Example 12: Complex Composition (Plasma Membrane Mimic)¶

from gatewizard.core.builder import Builder

builder = Builder()

# Plasma membrane-like composition
# Upper: PC-rich with cholesterol
# Lower: PE/PS-rich (cytoplasmic side)
success, message, job_dir = builder.prepare_system(
    pdb_file="protein_protonated_prepared.pdb",
    working_dir="./systems",
    upper_lipids=["POPC", "POPE", "CHL1"],
    lower_lipids=["POPE", "POPS", "CHL1"],
    lipid_ratios="5:2:3//4:4:2",  # Upper: 50% POPC, 20% POPE, 30% CHL1
                                   # Lower: 40% POPE, 40% POPS, 20% CHL1
    output_folder_name="plasma_membrane",
    salt_concentration=0.5,
    cation="Na+",  # Use sodium instead of potassium
    dist_wat=25.0  # Extra water for large protein
)

if success:
    print(f"✓ System preparation started in background")
    print(f"  {message}")
    print(f"  Job directory: {job_dir}")
    print(f"  Monitor: {job_dir / 'logs/preparation.log'}")
else:
    print(f"✗ Preparation failed: {message}")

Example 13: Packing Only (No Parametrization)¶

from gatewizard.core.builder import Builder

builder = Builder()

# Only pack the system, don't parametrize
# Useful for visual inspection before parametrization
success, message, job_dir = builder.prepare_system(
    pdb_file="protein_protonated_prepared.pdb",
    working_dir="./systems",
    upper_lipids=["POPC"],
    lower_lipids=["POPC"],
    lipid_ratios="1//1",
    output_folder_name="packed_only",
    parametrize=False  # Skip parametrization
)

if success:
    print(f"✓ Packing started in background (no parametrization)")
    print(f"  {message}")
    print(f"  Job directory: {job_dir}")
    print(f"  Monitor: {job_dir / 'logs/preparation.log'}")
    print(f"  When complete, inspect: {job_dir / 'bilayer_*.pdb'}")
else:
    print(f"✗ Preparation failed: {message}")

Example 14: Custom Salt Concentration¶

from gatewizard.core.builder import Builder

builder = Builder()

# High salt concentration for ionic strength studies
success, message, job_dir = builder.prepare_system(
    pdb_file="protein_protonated_prepared.pdb",
    working_dir="./systems",
    upper_lipids=["POPC", "POPS"],
    lower_lipids=["POPC", "POPS"],
    lipid_ratios="8:2//8:2",  # 80% POPC, 20% POPS
    output_folder_name="high_salt",
    salt_concentration=2.0,  # 2000 mM (high salt)
    cation="Na+",
    anion="Cl-"
)

if success:
    print(f"✓ System preparation started in background")
    print(f"  {message}")
    print(f"  High salt: 2.0 M NaCl")
    print(f"  Job directory: {job_dir}")
    print(f"  Monitor: {job_dir / 'logs/preparation.log'}")
else:
    print(f"✗ Preparation failed: {message}")

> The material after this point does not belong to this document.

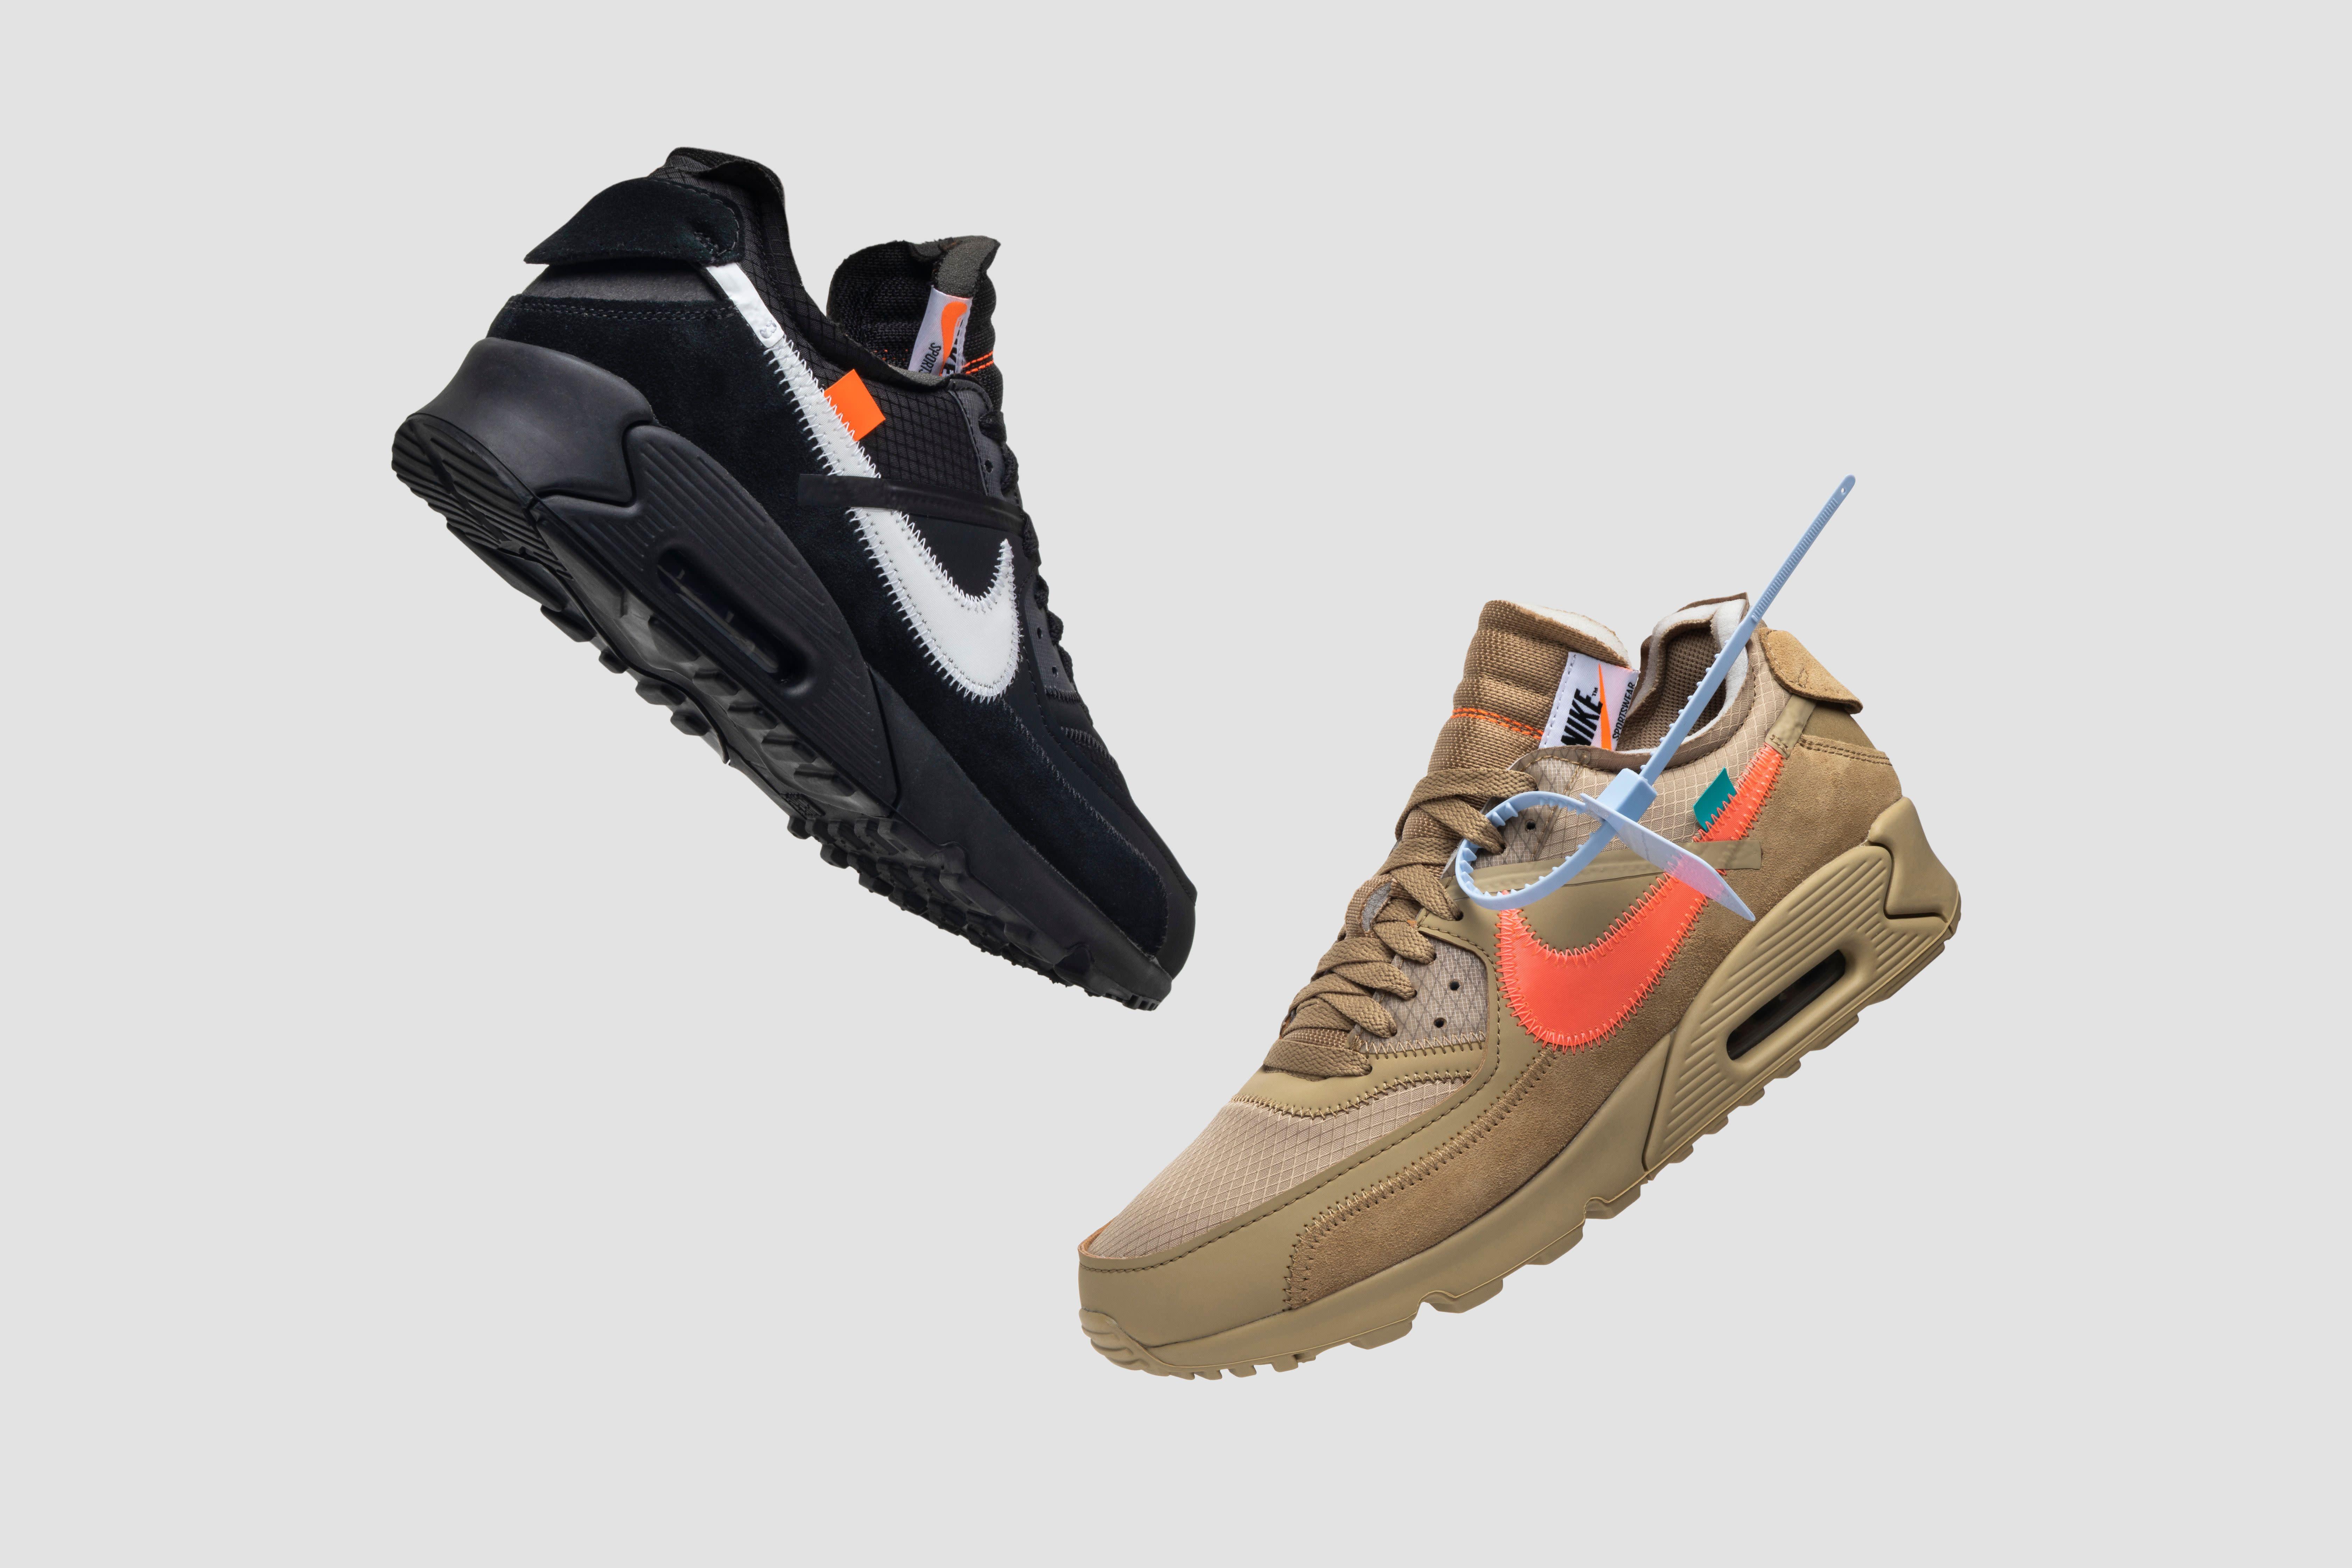 online retailer 70540 0b8e3 Foot Locker makes  100M bet on popular online sneaker marketplace GOAT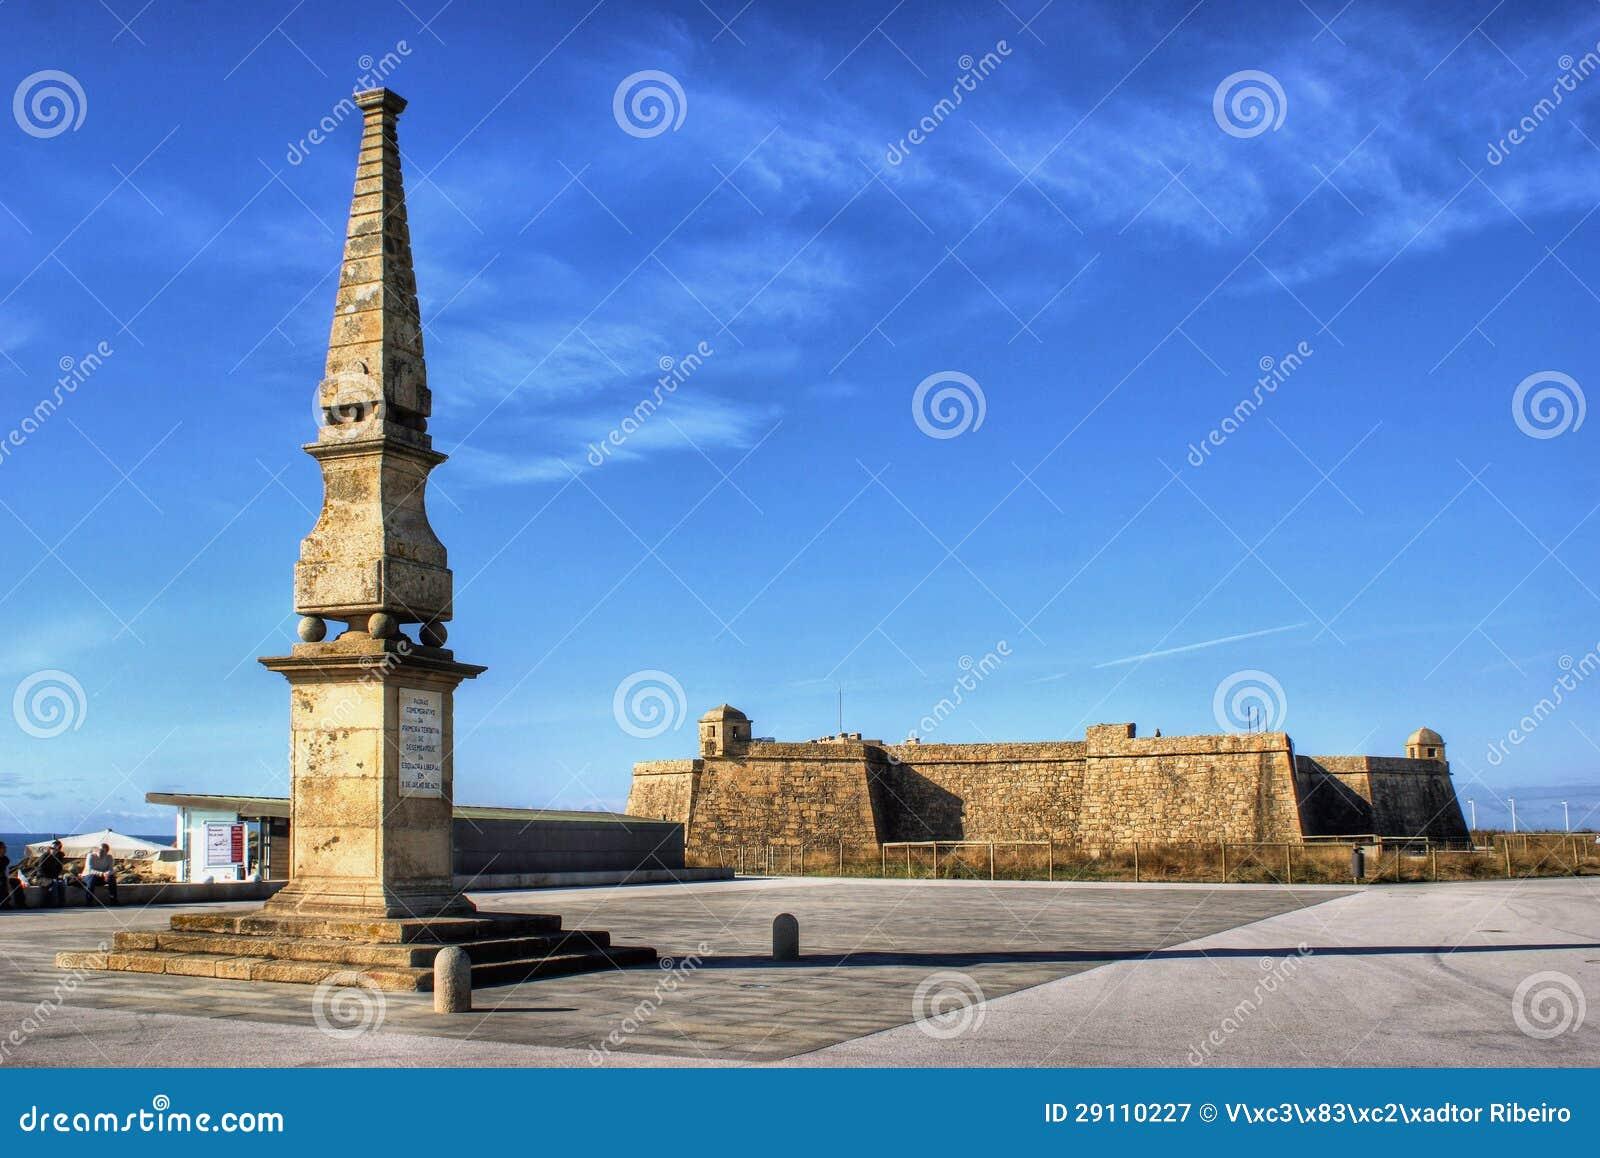 Landing Commemorative Monument in Mindelo

Example 15: No Salt (Charge Neutralization Only)¶

from gatewizard.core.builder import Builder

builder = Builder()

# Neutralize system charges only (no extra salt)
success, message, job_dir = builder.prepare_system(
    pdb_file="protein_protonated_prepared.pdb",
    working_dir="./systems",
    upper_lipids=["POPC"],
    lower_lipids=["POPC"],
    lipid_ratios="1//1",
    output_folder_name="no_salt",
    salt_concentration=0.0,  # Only neutralize, no extra salt
    add_salt=True  # Still add ions for neutralization
)

if success:
    print(f"✓ System preparation started in background")
    print(f"  {message}")
    print(f"  Neutralization only, no extra salt")
    print(f"  Job directory: {job_dir}")
    print(f"  Monitor: {job_dir / 'logs/preparation.log'}")
else:
    print(f"✗ Preparation failed: {message}")

Method: wait_for_completion()¶

Block until a preparation job completes or fails by polling status.json.

wait_for_completion(
    job_dir,
    poll_interval: float = 5.0,
    timeout: Optional[float] = None,
    verbose: bool = True,
) -> Tuple[bool, str]

Parameters:

Parameter	Type	Default	Description
`job_dir`	`Path \\| str`	—	Path to the job directory
`poll_interval`	`float`	`5.0`	Seconds between status checks
`timeout`	`float \\| None`	`None`	Maximum seconds to wait (`None` = no limit)
`verbose`	`bool`	`True`	Print elapsed-time progress to stdout

Returns: Tuple[bool, str] — (success, message)

Example 25: Blocking (synchronous) Preparation with wait=True¶

"""
Builder Example 25: Blocking (synchronous) preparation with wait=True

Demonstrates how to run prepare_system() in blocking mode so that the
Python script does not continue until the job finishes (or errors).
This is especially useful for scripting multiple sequential preparations.

Two approaches are shown:
  A) Inline ``wait=True`` inside prepare_system()
  B) Launch in background + call wait_for_completion() later

NOTE: This example requires AmberTools and packmol-memgen.
      It uses the real test PDB file tests/2MVJ_2ligs.pdb.
"""

from gatewizard.core.builder import Builder
from gatewizard.tools.ligand_parametrization import (
    detect_ligands,
    parametrize_all_ligands,
)

pdb_file = "tests/2MVJ_2ligs.pdb"
working_dir = "./systems"

# ── Step 1: Detect and parametrize ligands (same as example 23) ──────
print("Step 1: Detecting ligands...")
ligands = detect_ligands(pdb_file)
for lig in ligands:
    print(f"  Found: {lig.name} ({lig.num_atoms} atoms, {lig.formula})")

print("\nStep 2: Parametrizing ligands...")
ligand_results = parametrize_all_ligands(
    pdb_file=pdb_file,
    output_dir=f"{working_dir}/ligand_params",
    charges={"AAA": 0, "BBB": 0},
    charge_method="bcc",
)
print(f"  Parametrized: {list(ligand_results.keys())}")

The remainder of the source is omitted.